Your objective: Retype word for word the stretch of entries below from the line that has "NOVA Elektronik 2000" through the line that has "BIRTHDAY BAR(バースデイバー) レディース", and omit the pictures.
[Given records Boundary: Start]
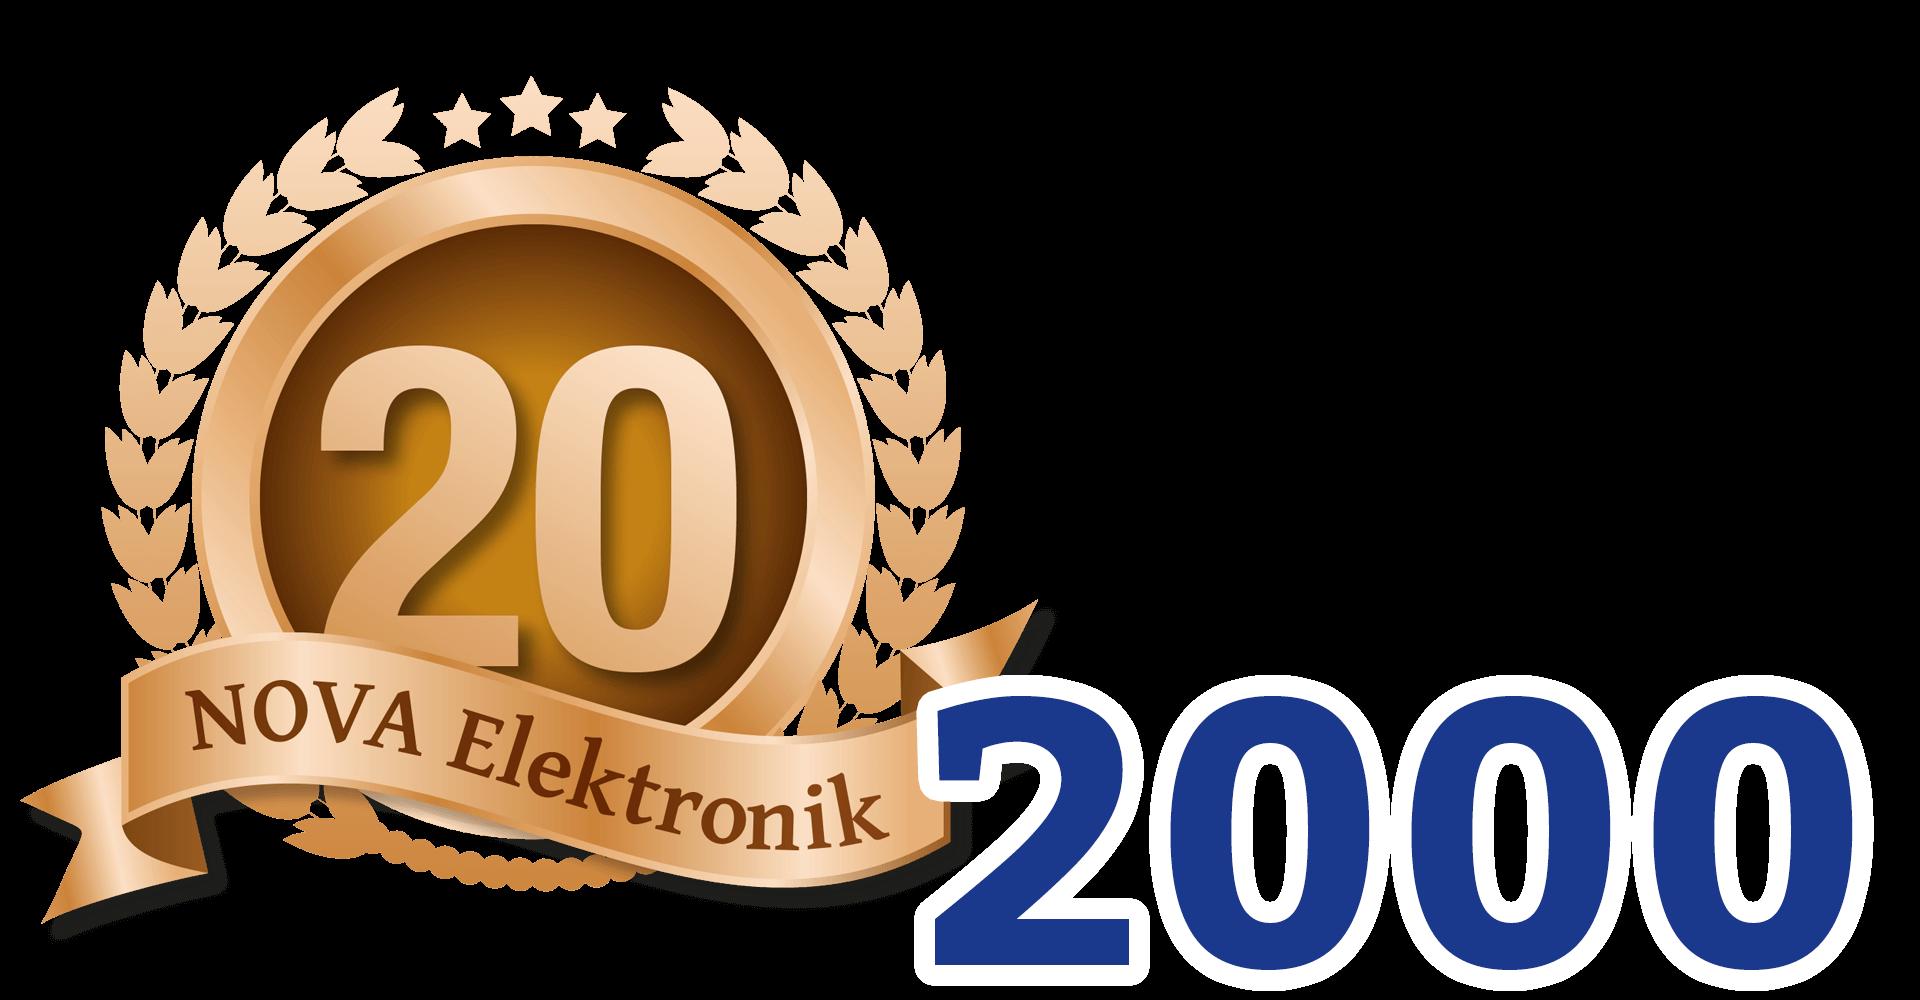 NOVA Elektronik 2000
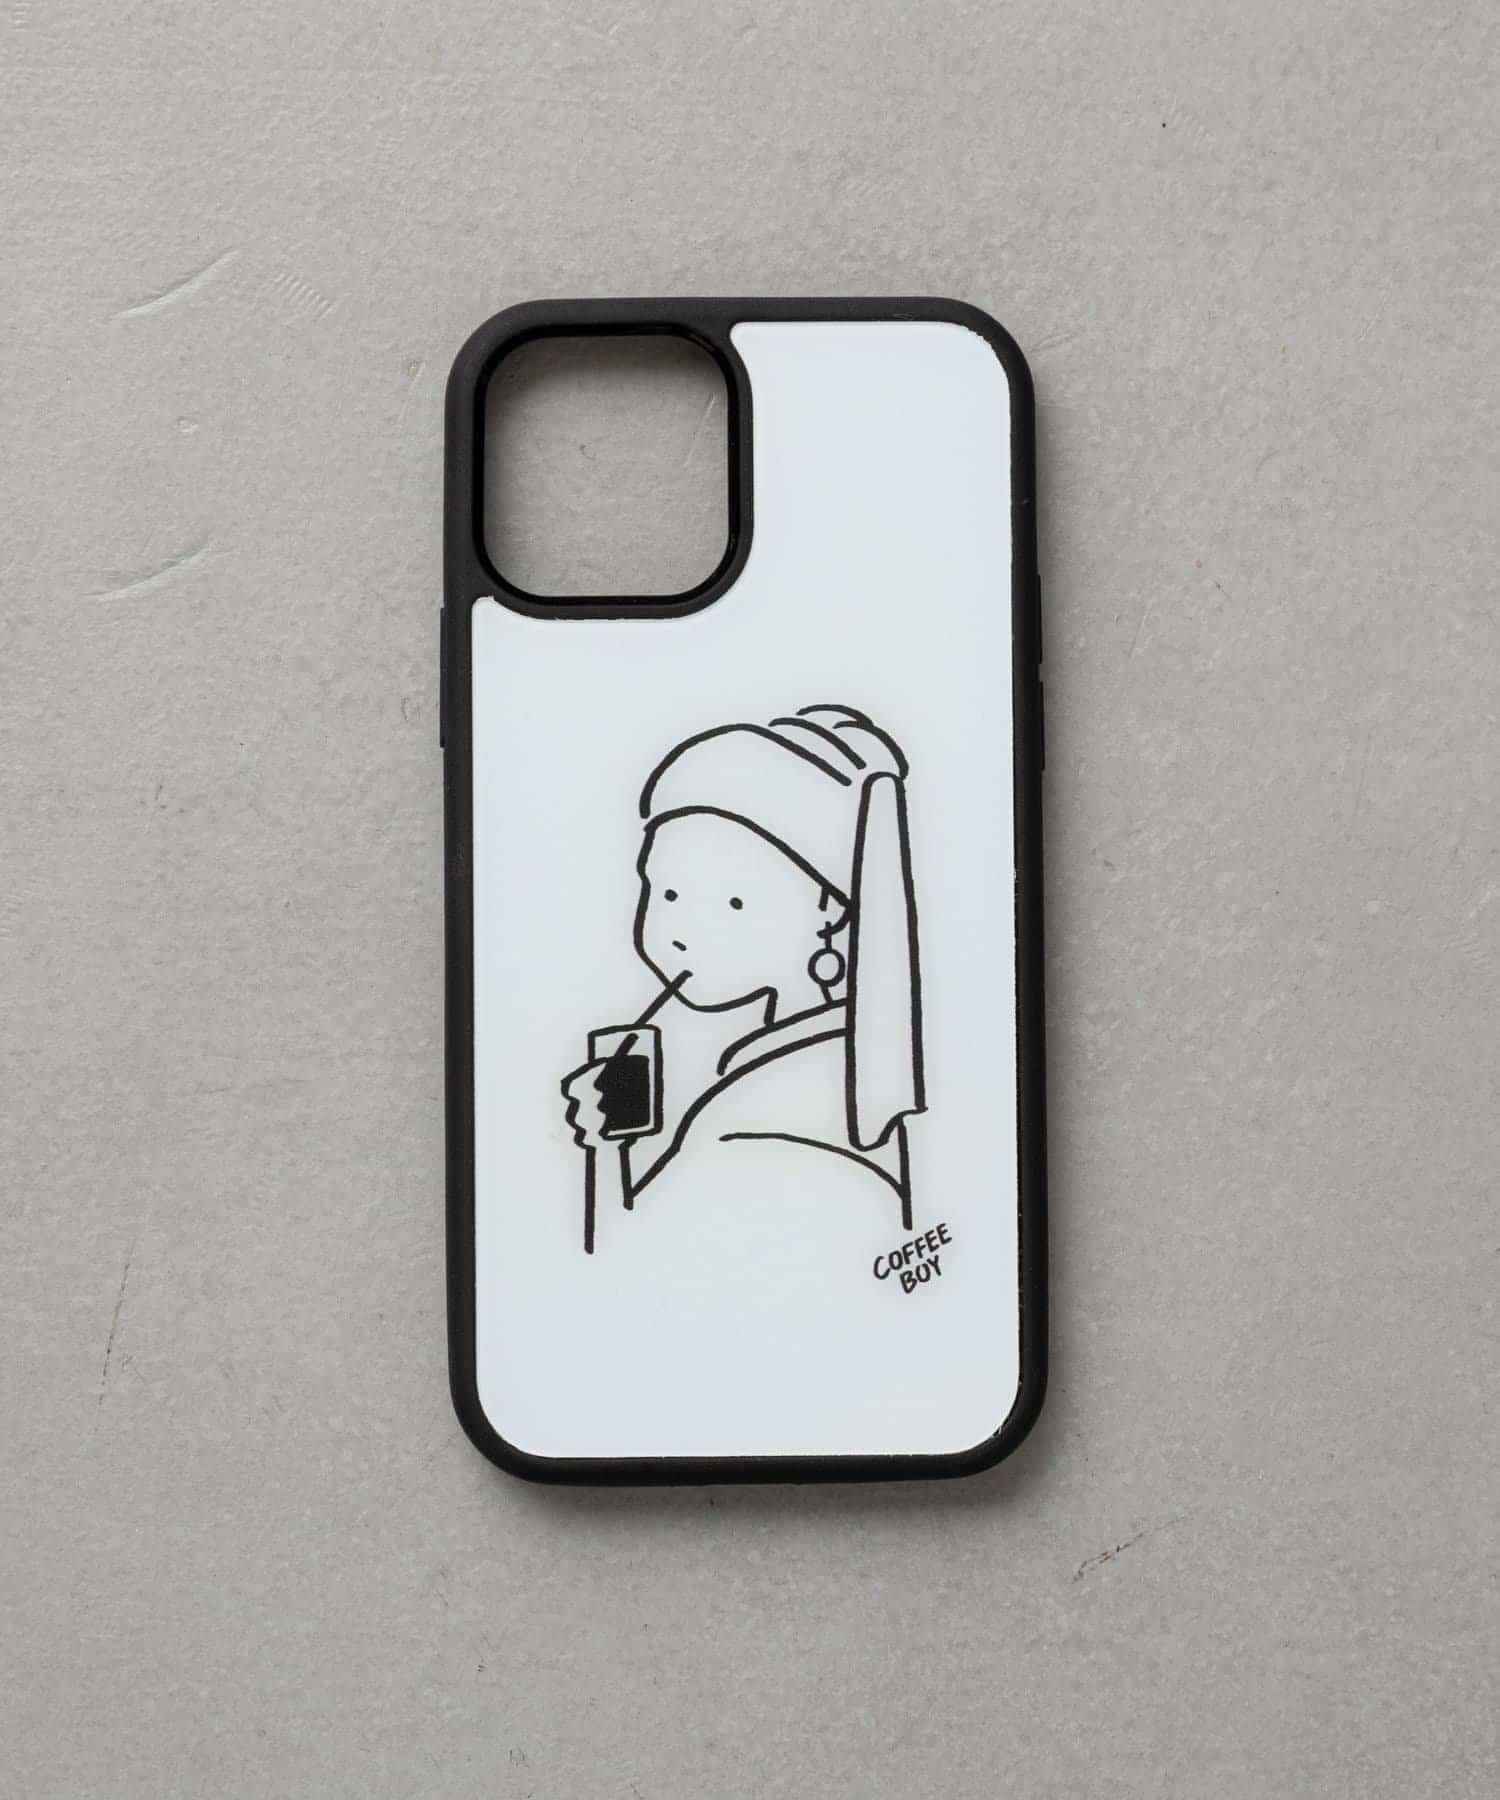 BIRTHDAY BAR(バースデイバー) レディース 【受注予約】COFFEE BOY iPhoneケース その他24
[Given records Boundary: End]
[Given records Boundary: Start]
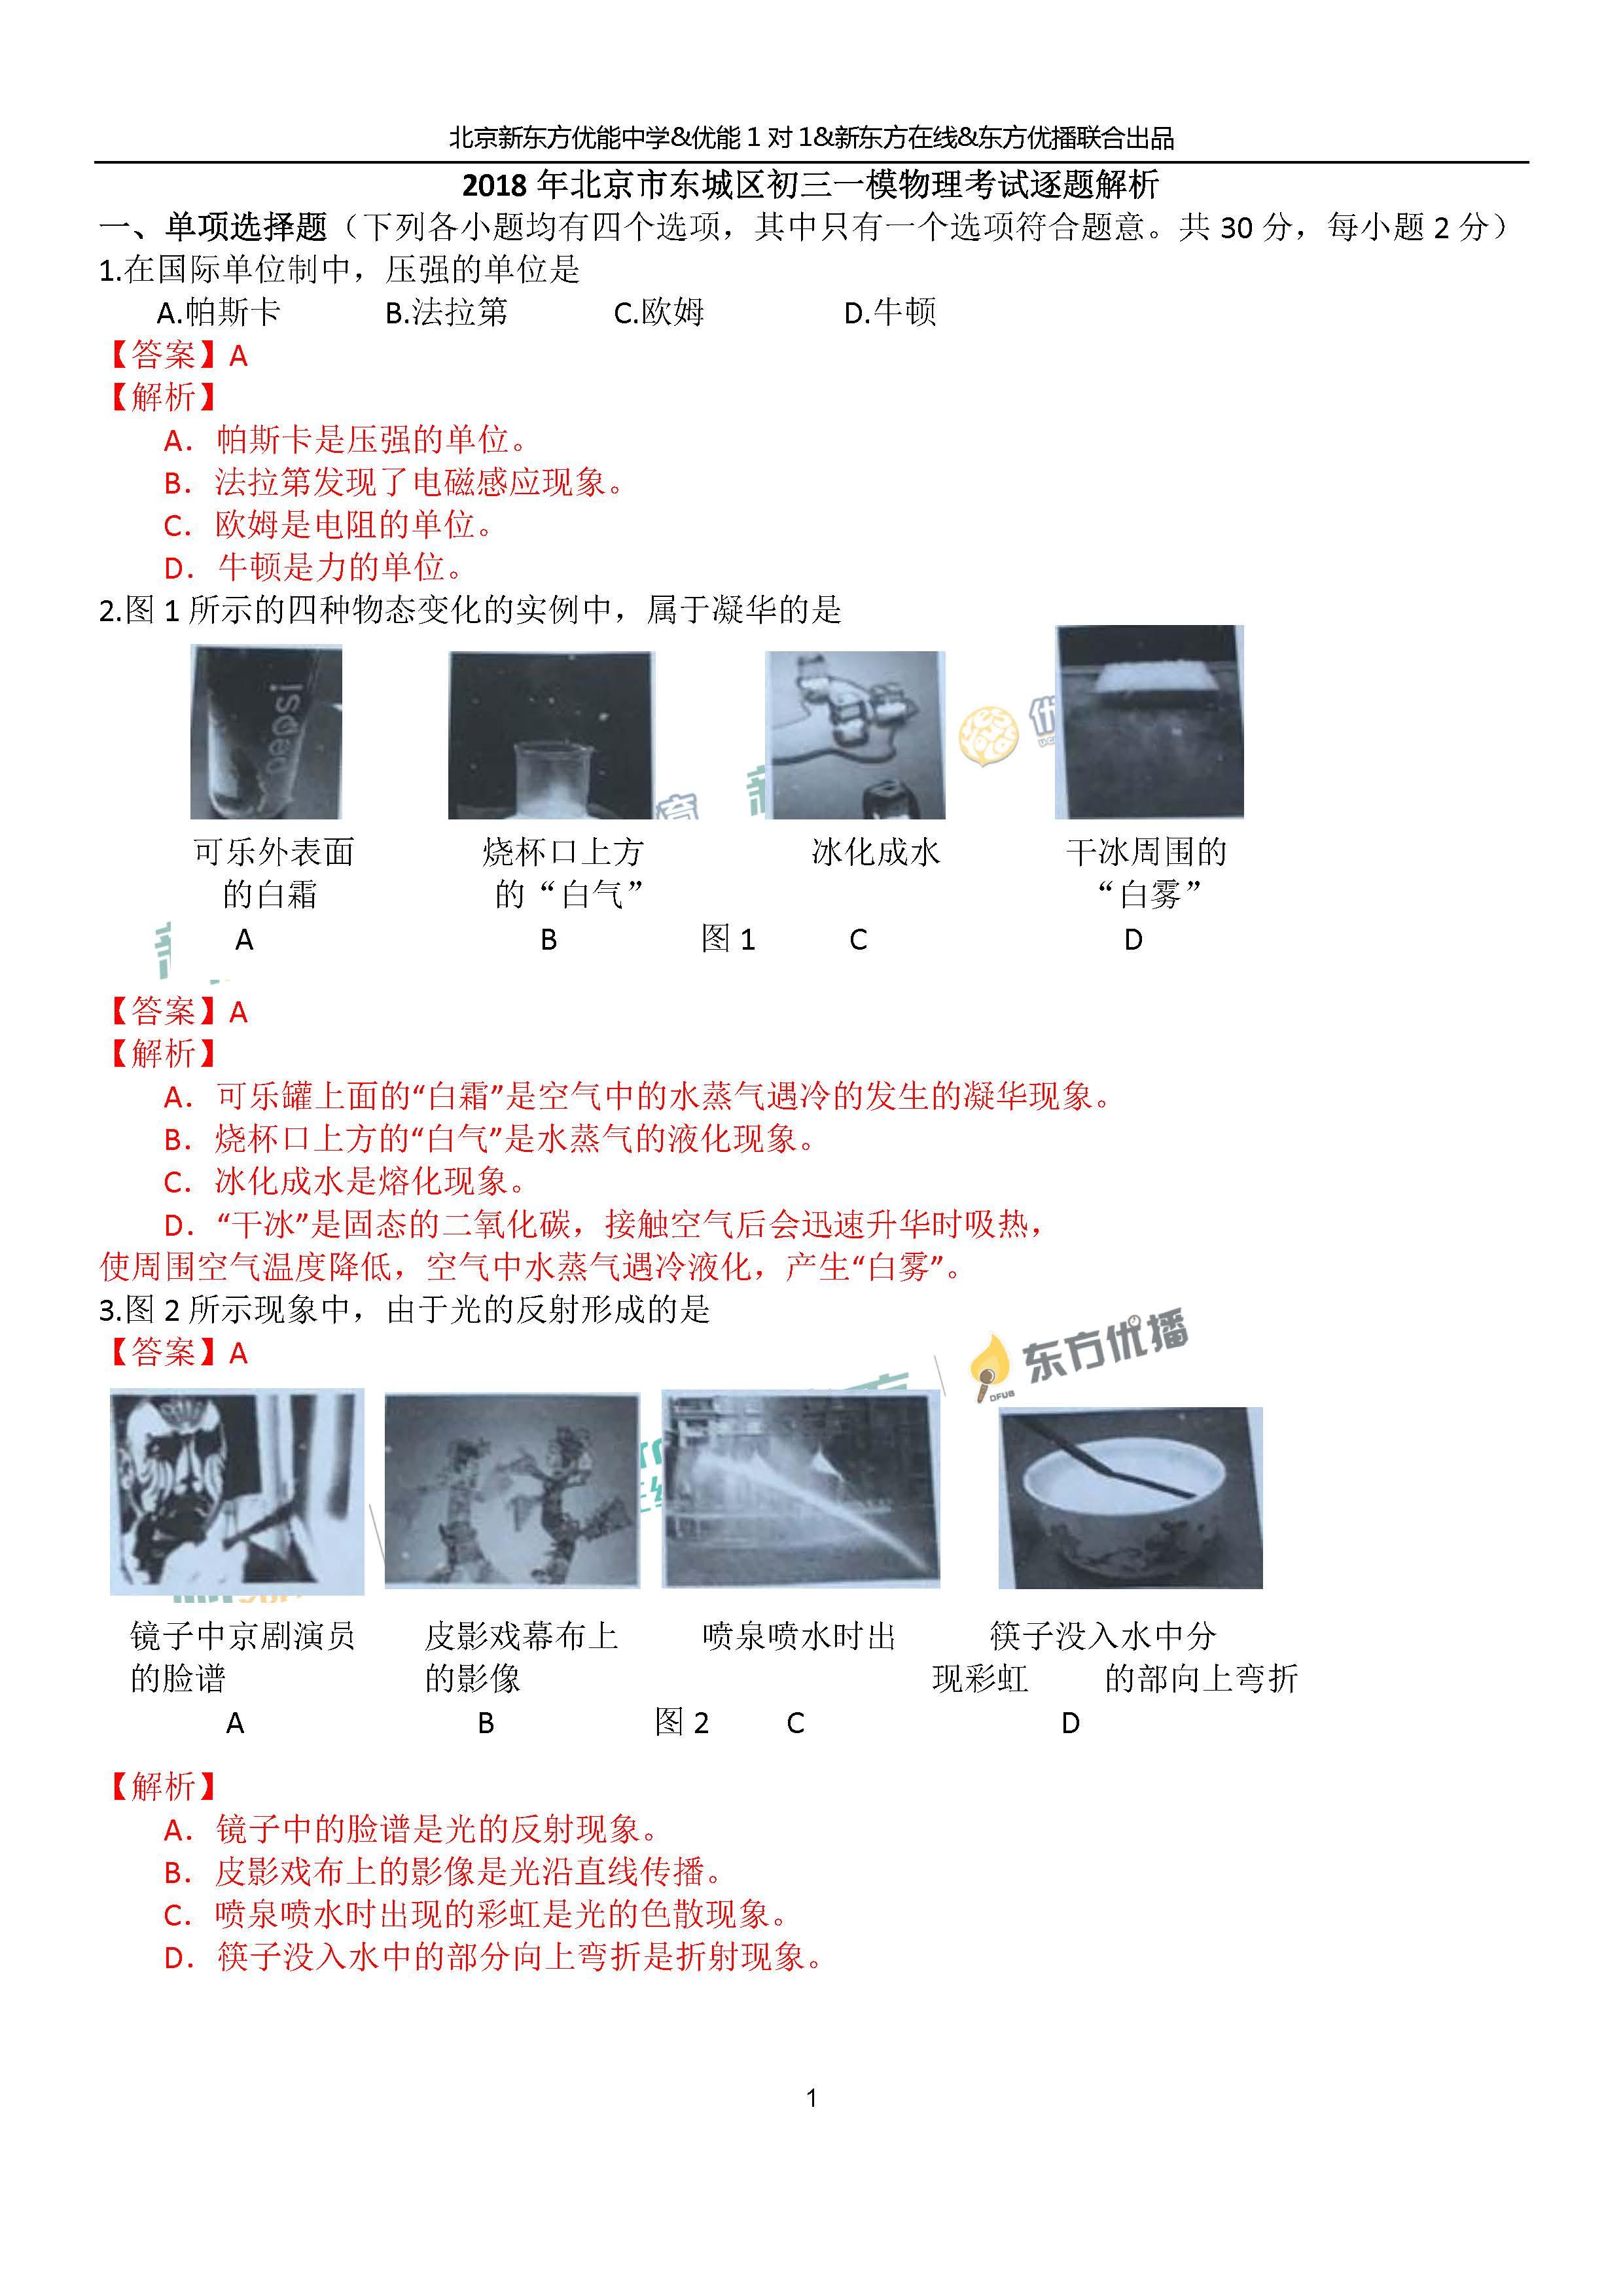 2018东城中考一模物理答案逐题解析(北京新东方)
[Given records Boundary: End]
[Given records Boundary: Start]
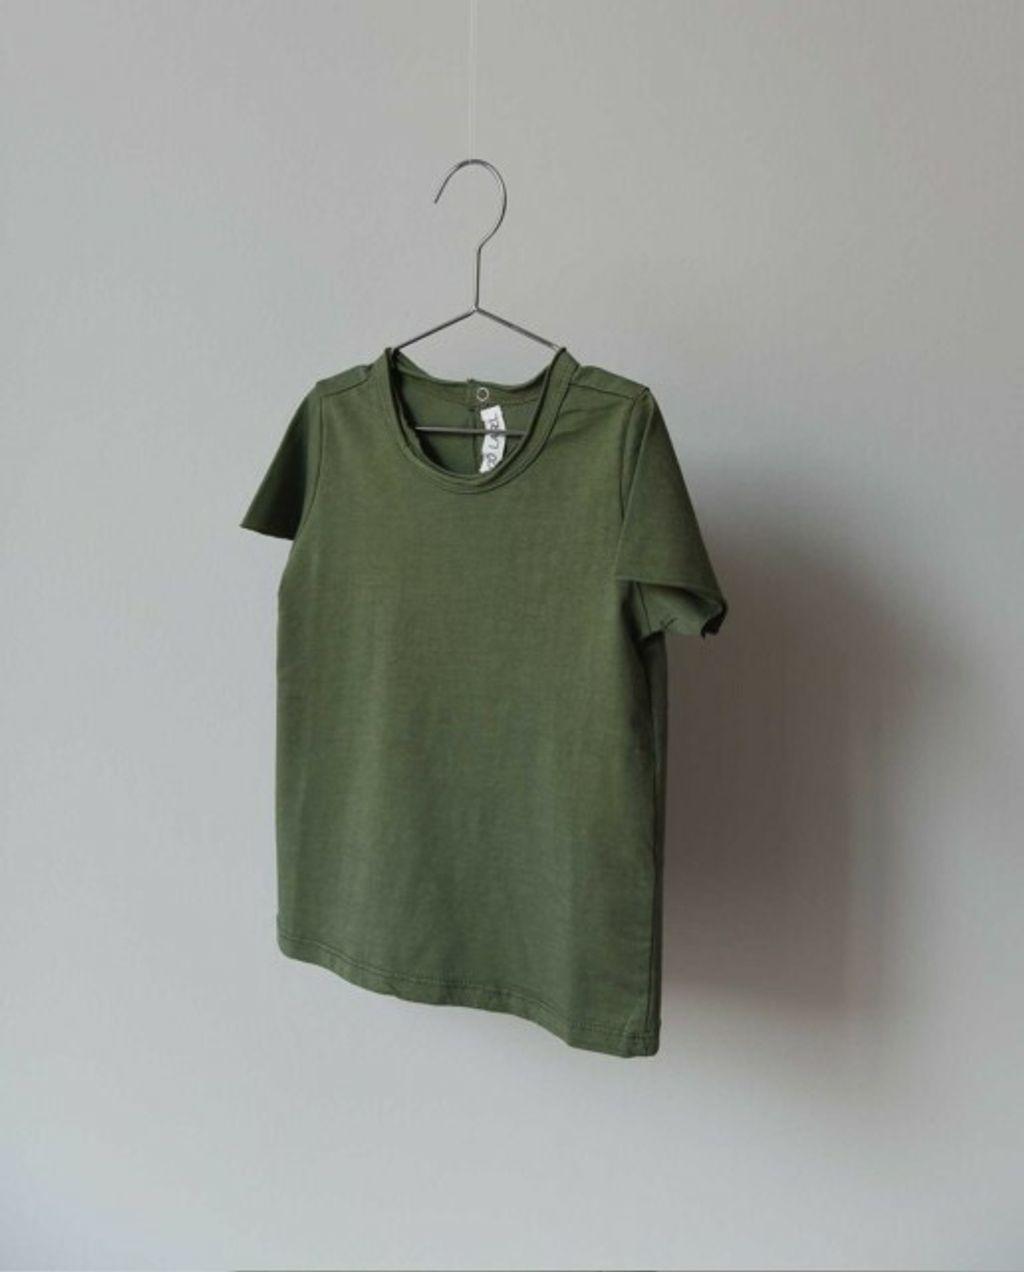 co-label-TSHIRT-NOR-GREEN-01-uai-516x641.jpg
[Given records Boundary: End]
Reply to the task:
 NOVA Elektronik 2000
 BIRTHDAY BAR(バースデイバー) レディース 【受注予約】COFFEE BOY iPhoneケース その他24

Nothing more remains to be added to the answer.